No topic has captivated the imagination of advertising people around the world quite like the “the agency of the future”. Conferences are held to discuss it. Blog posts abound. Twitter is abuzz. Countless articles are published. Almost every agency shamelessly proselytises their “new model” and the supposed glory it can bring to their clients, complete with new job titles and everything.
It has become a cliché to point out that we could have all solved a lot of important problems for our clients in the time we’ve spent debating what the agency of the future will look like, how it will be structured, or arguing over whether agencies in their current form will even exist in the future.
I can’t help but wonder if the answer to this question lies not in our future but in our past. There was a time – not all that long ago in the scheme of things – when advertising agencies were invaluable to their clients business. The days of David Ogilvy, of Leo Burnett, of Bill Bernbach. A time when CEOs worked alongside the agency because the work they were doing was so powerful. An era when agencies drove the agenda with clients through real insights and innovation. When clients went to agencies with business problems and agencies came back with business solutions.

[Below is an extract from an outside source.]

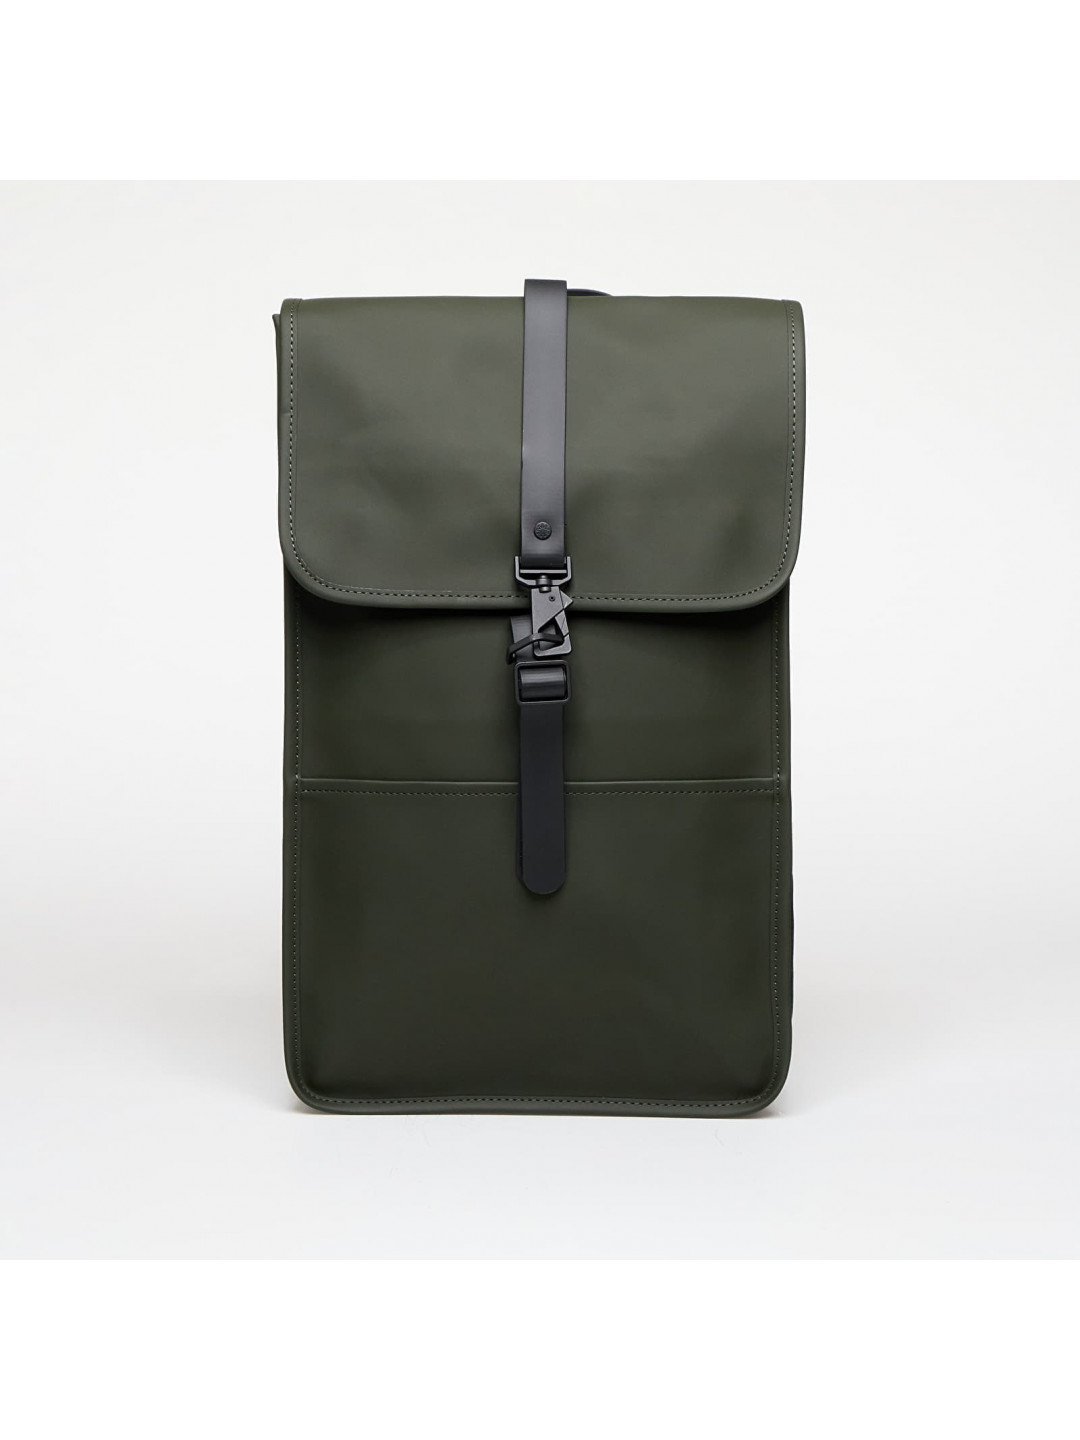 Rains Backpack W3 03 Green
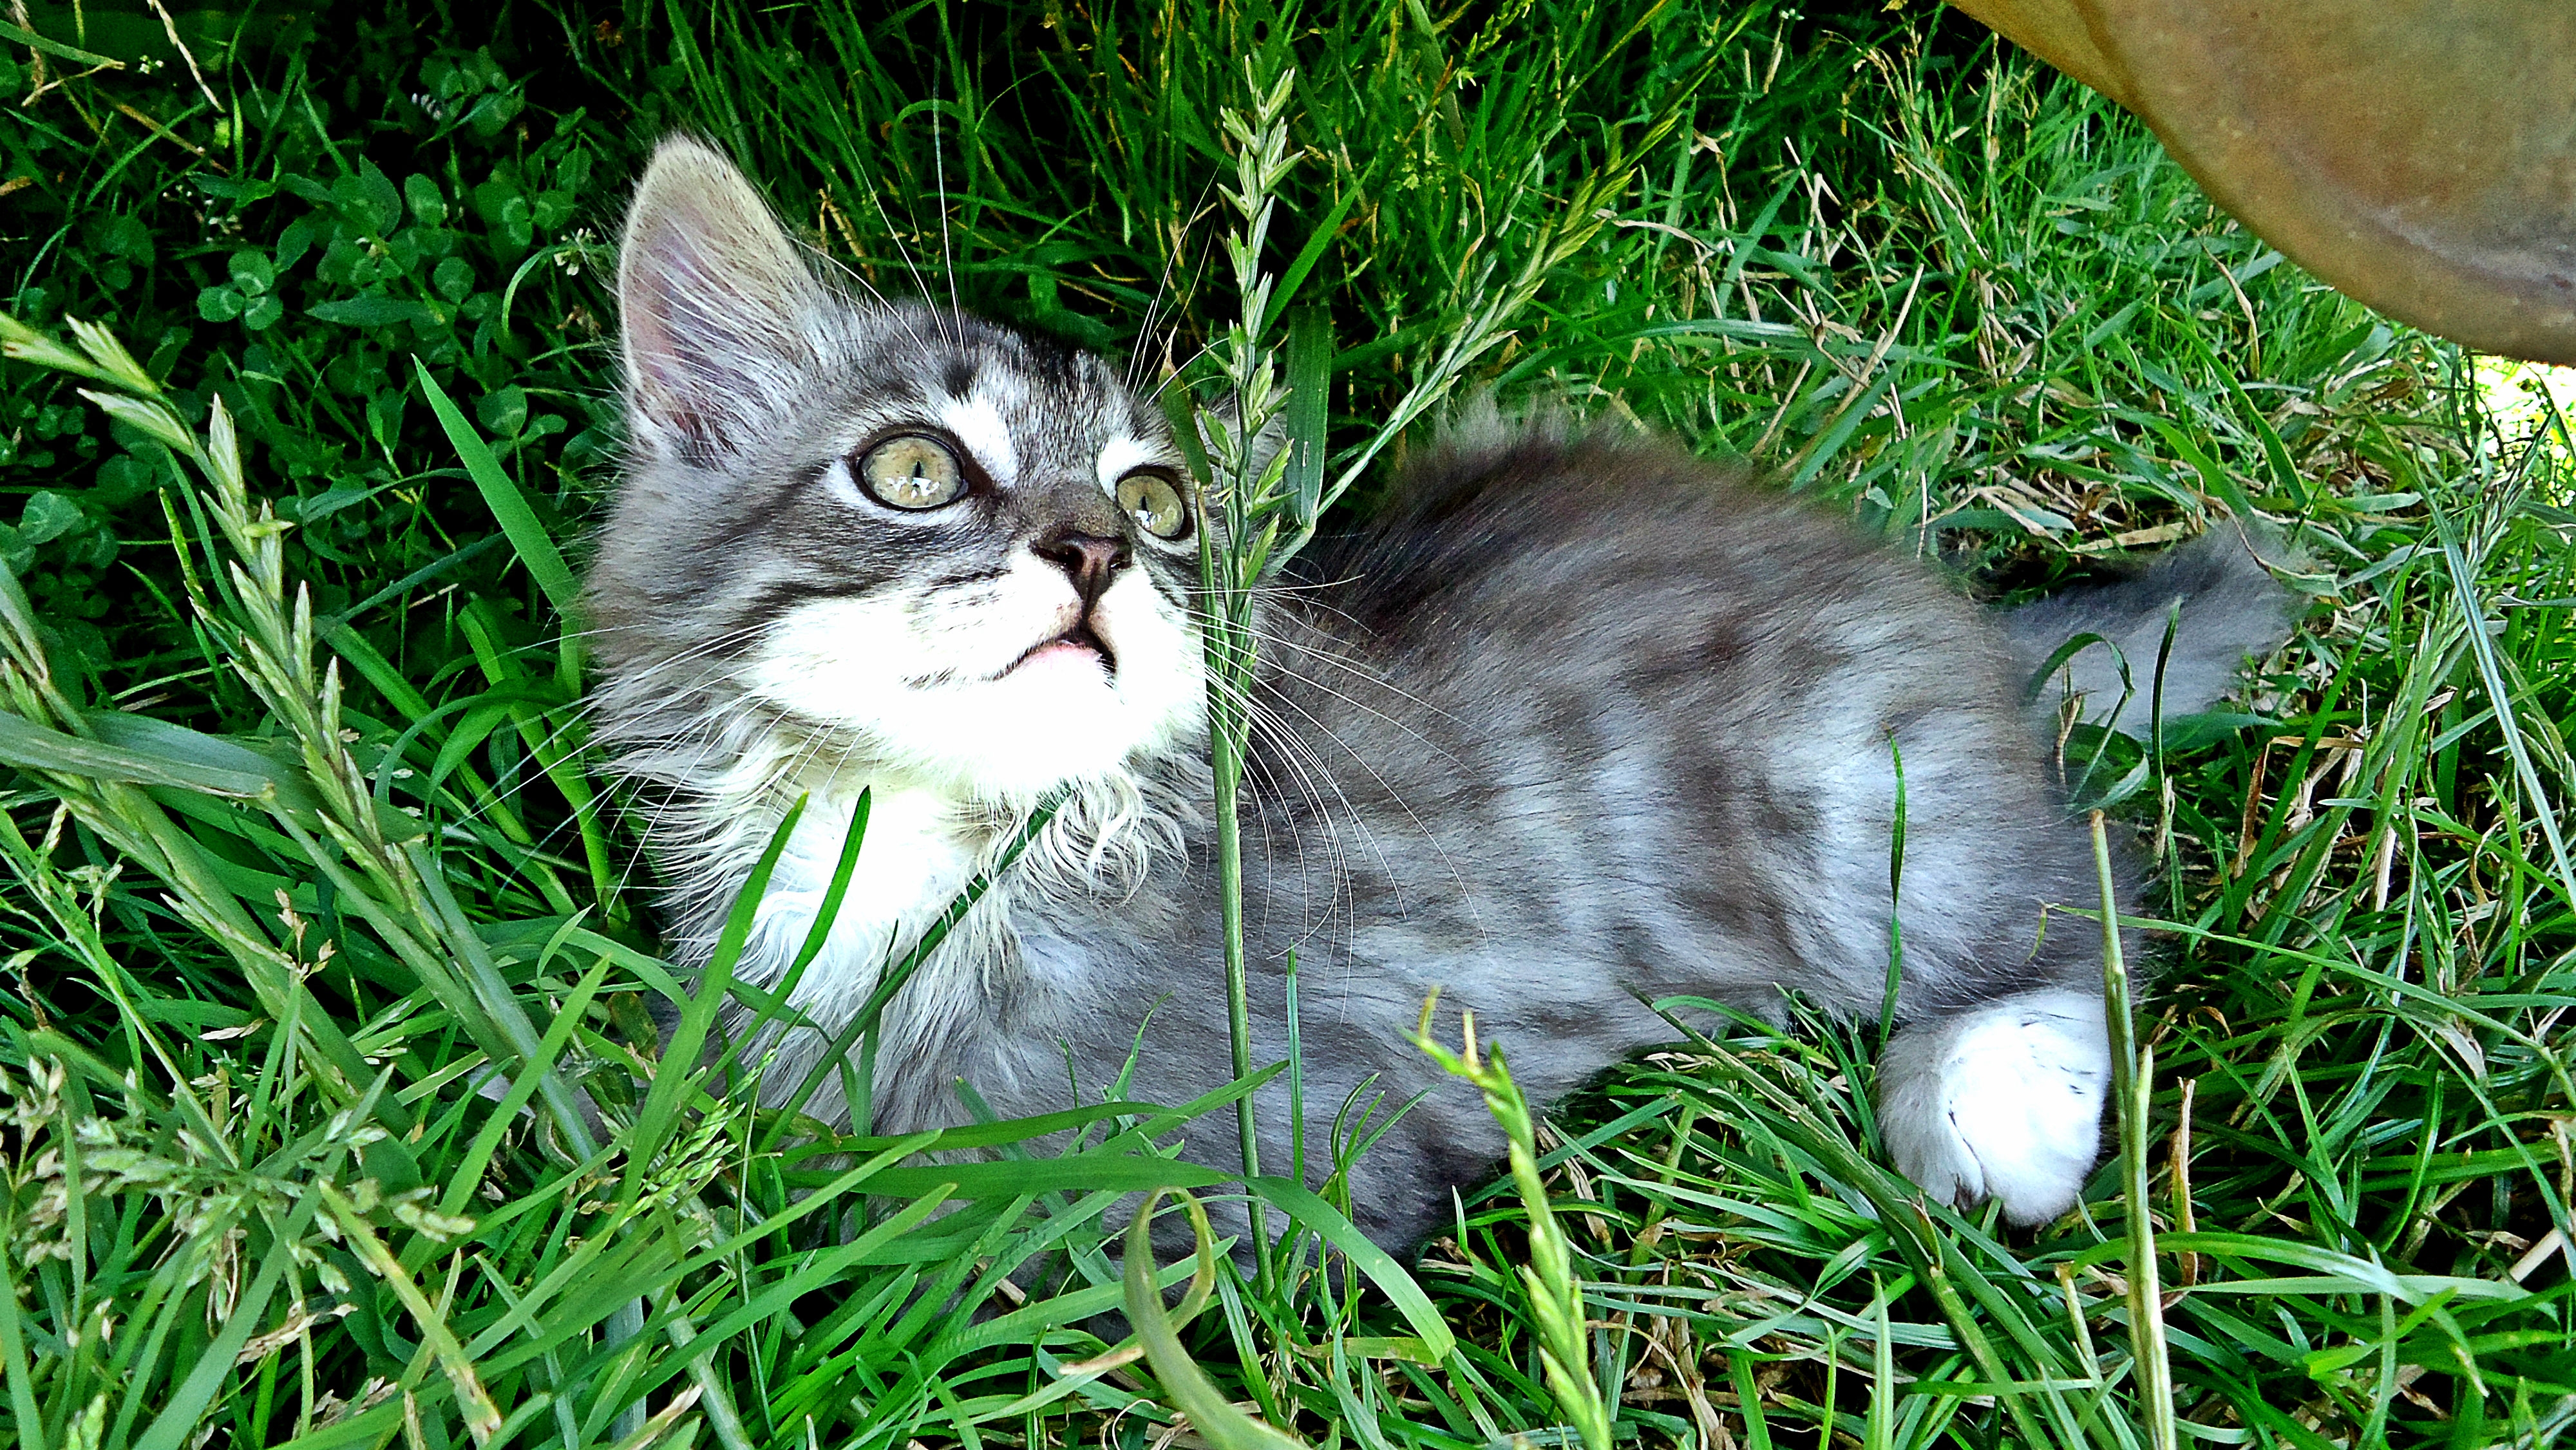 animals, grass, kitty, kitten, playful, mindfulness, attentiveness

Of course it could never stay this way for long. The easy profits agencies made in the early days would never survive as so many new agencies entered the game, and the balance of power between agencies and clients would soon be restored. Along the way the work that agencies do became a commodity. Clients internalised the strategic role that made agencies so essential, and agencies became order takers rather than order makers – their main purpose became taking detailed briefs from clients and turning them into ads of the specified format.
No doubt the industry has been broken for quite some time, but the financial turmoil that begun in 2007 brought this into sharp focus for many agencies. At best clients demanded more for their buck, at worst they wanted even more for even less. When you’re in a commodity business, account pitches come down to who will offer the required services at the lowest rates. The focus shifted from strategic and creative value to production and efficiencies.
I have no idea what the agency of the future looks like. What I do know is that the rise of the internet and technology has profoundly changed the way brands engage with consumers, just as television revolutionised the way that brands engaged with consumers in the days of Ogilvy and Bernbach. Everyone is scrambling to catch up with these changes. More than ever before clients need agencies to help them navigate this rapidly evolving landscape.
While it’s easy to keep thinking that a 30 second TV spot and 1200 TARPs is the answer to every imaginable problem, today’s forward-thinking agencies have an incredible opportunity to help their clients innovate and connect with consumers in new ways. To drive the agenda with clients through real strategic thinking – not just in their communications but in their products, in their distribution, in their packaging – at every touchpoint where the brand interacts with consumers.
Agencies that ‘get it’ right now are in an extraordinary position. We can help transform our clients’ businesses to make sense in the digital age, and reap the rewards that follow. The blueprint for this was established half a century ago - it worked then and it will work now. We need to take back our seat at the corporate strategy table. We need to re-learn how to speak the language of CEOs and boards. We need to build their trust and respect so that when they come to us with a problem, it’s a business problem rather than an advertising brief. We need to think and work laterally across all areas of the client’s business to solve the problem. Just like those who came before us.